/---

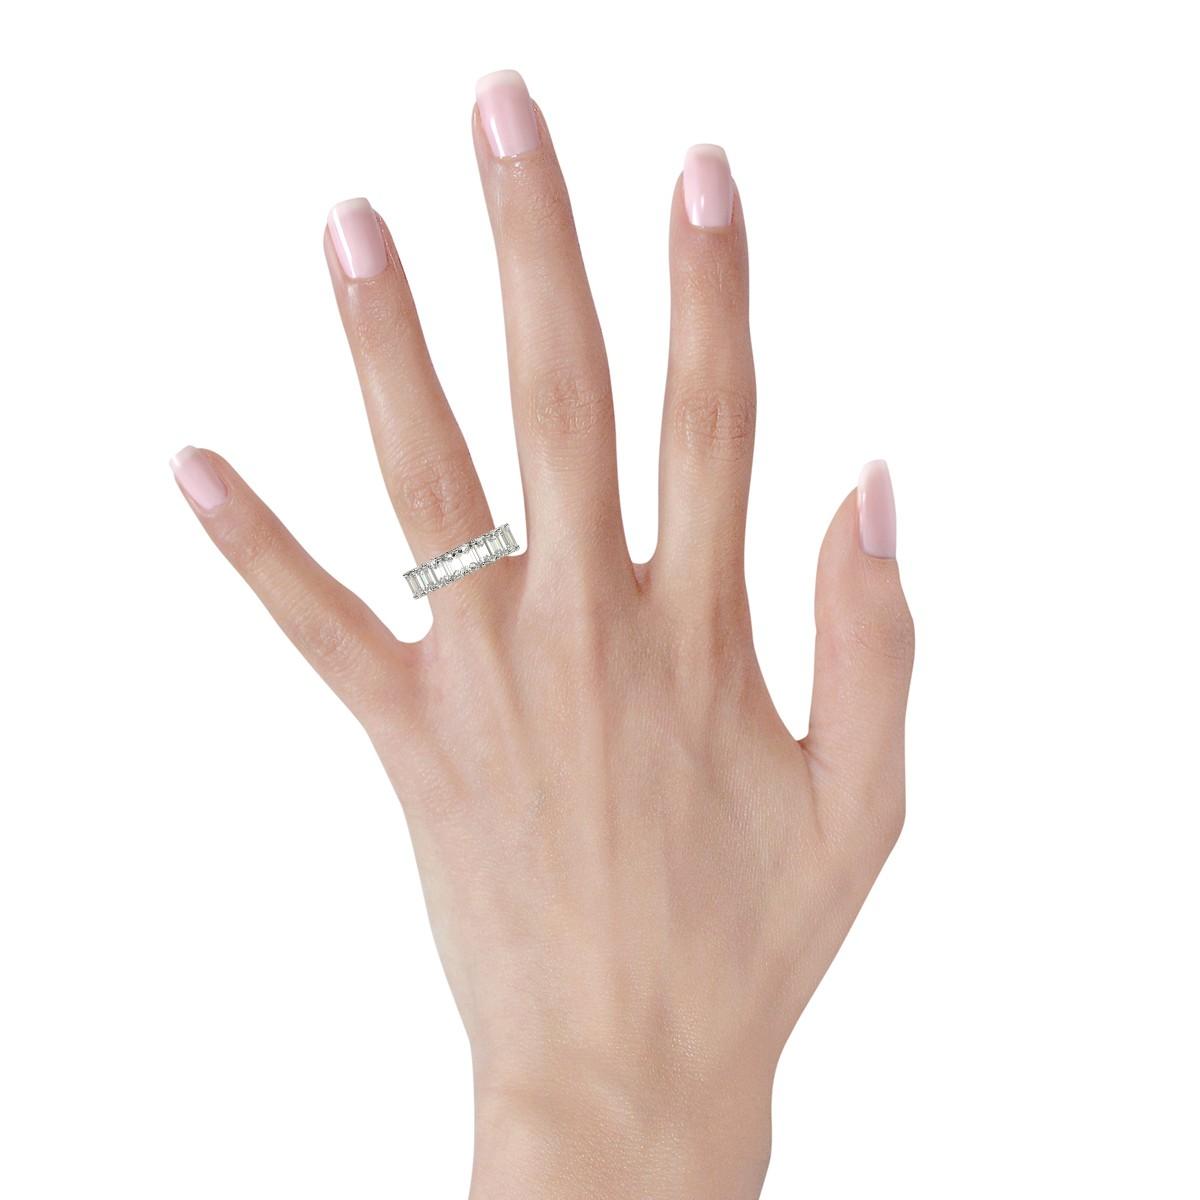 Classic Eternity Ring with Emerald Cut Diamonds in Platinum
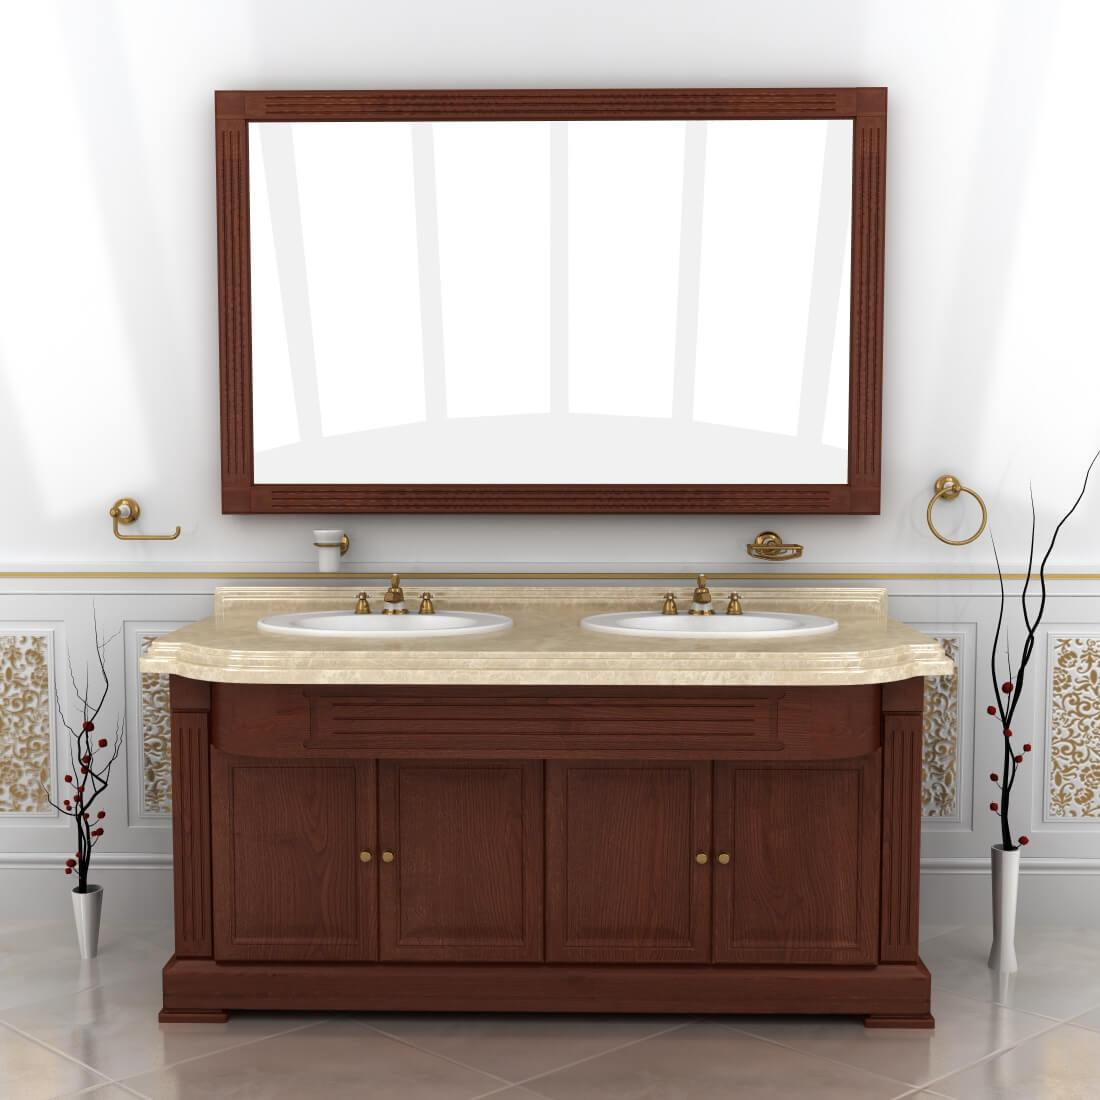 тумбы с зеркалом в ванную Ваші Меблі серия Мрамор
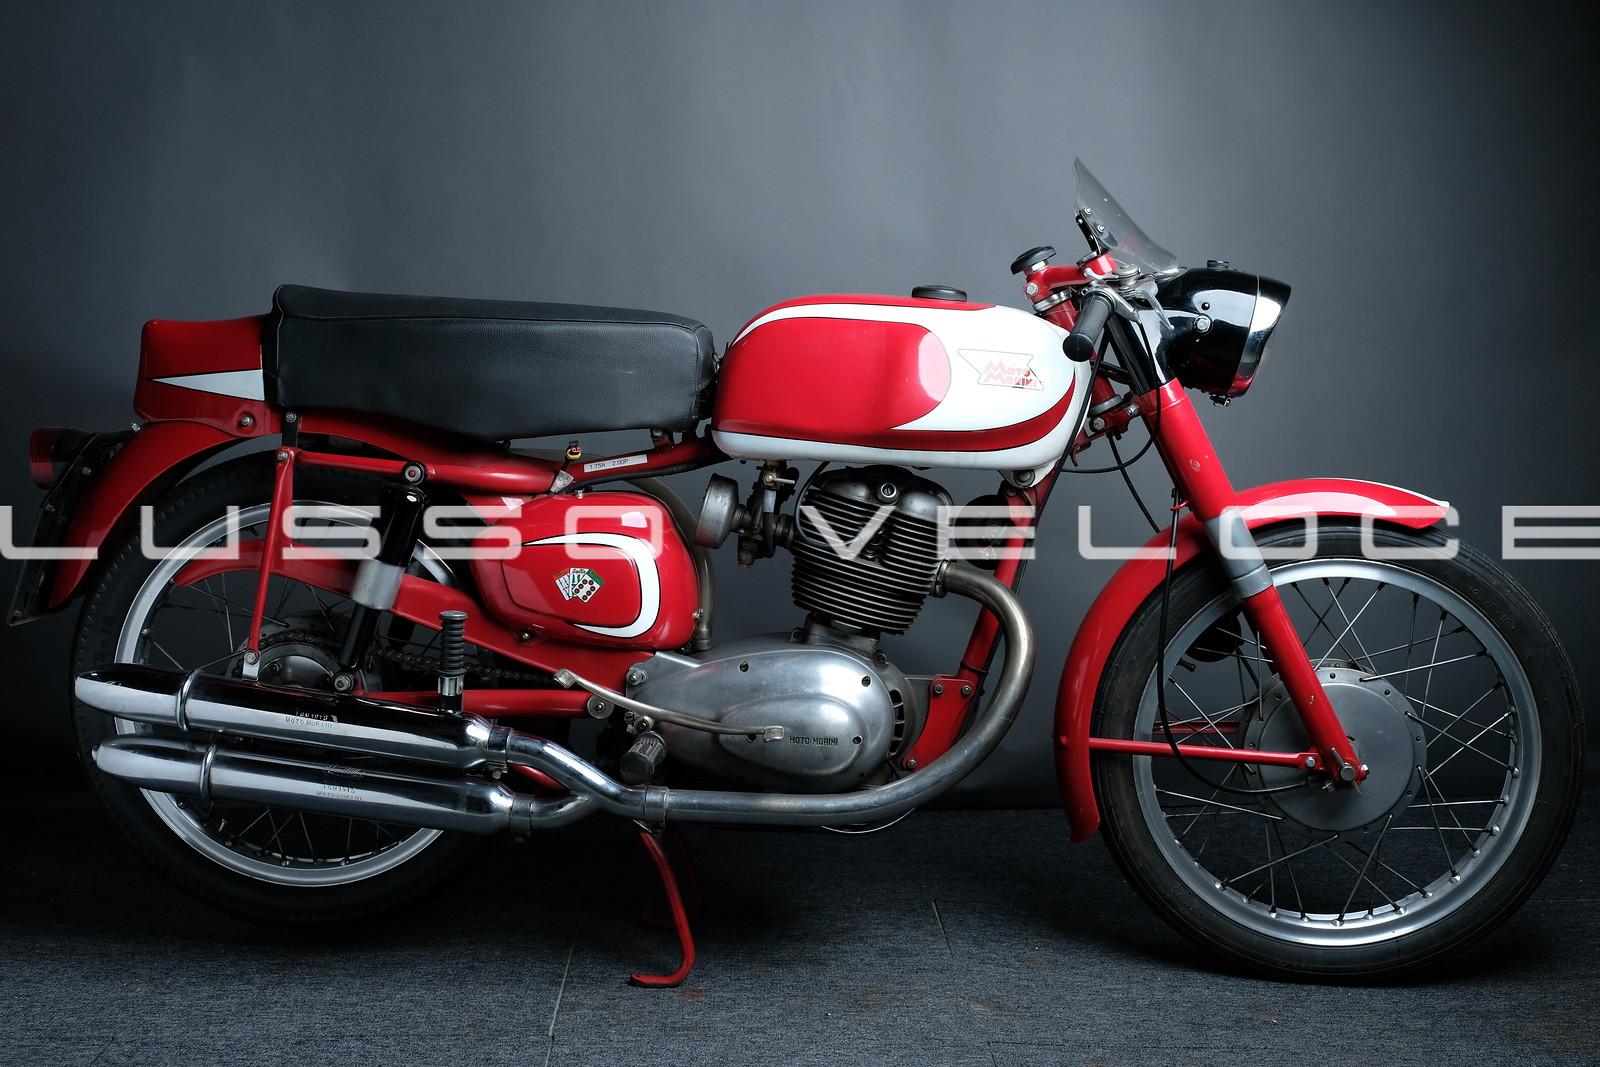 Moto Morini Tresette Sprint 175

\---

• [PROMPT]
The reply should consist only of the lines running from the one with "тумбы с зеркалом" through the end of the material, both included, copied exactly; please omit pictures.

• [EXPECTED ANSWER]
 тумбы с зеркалом в ванную Ваші Меблі серия Мрамор
 Moto Morini Tresette Sprint 175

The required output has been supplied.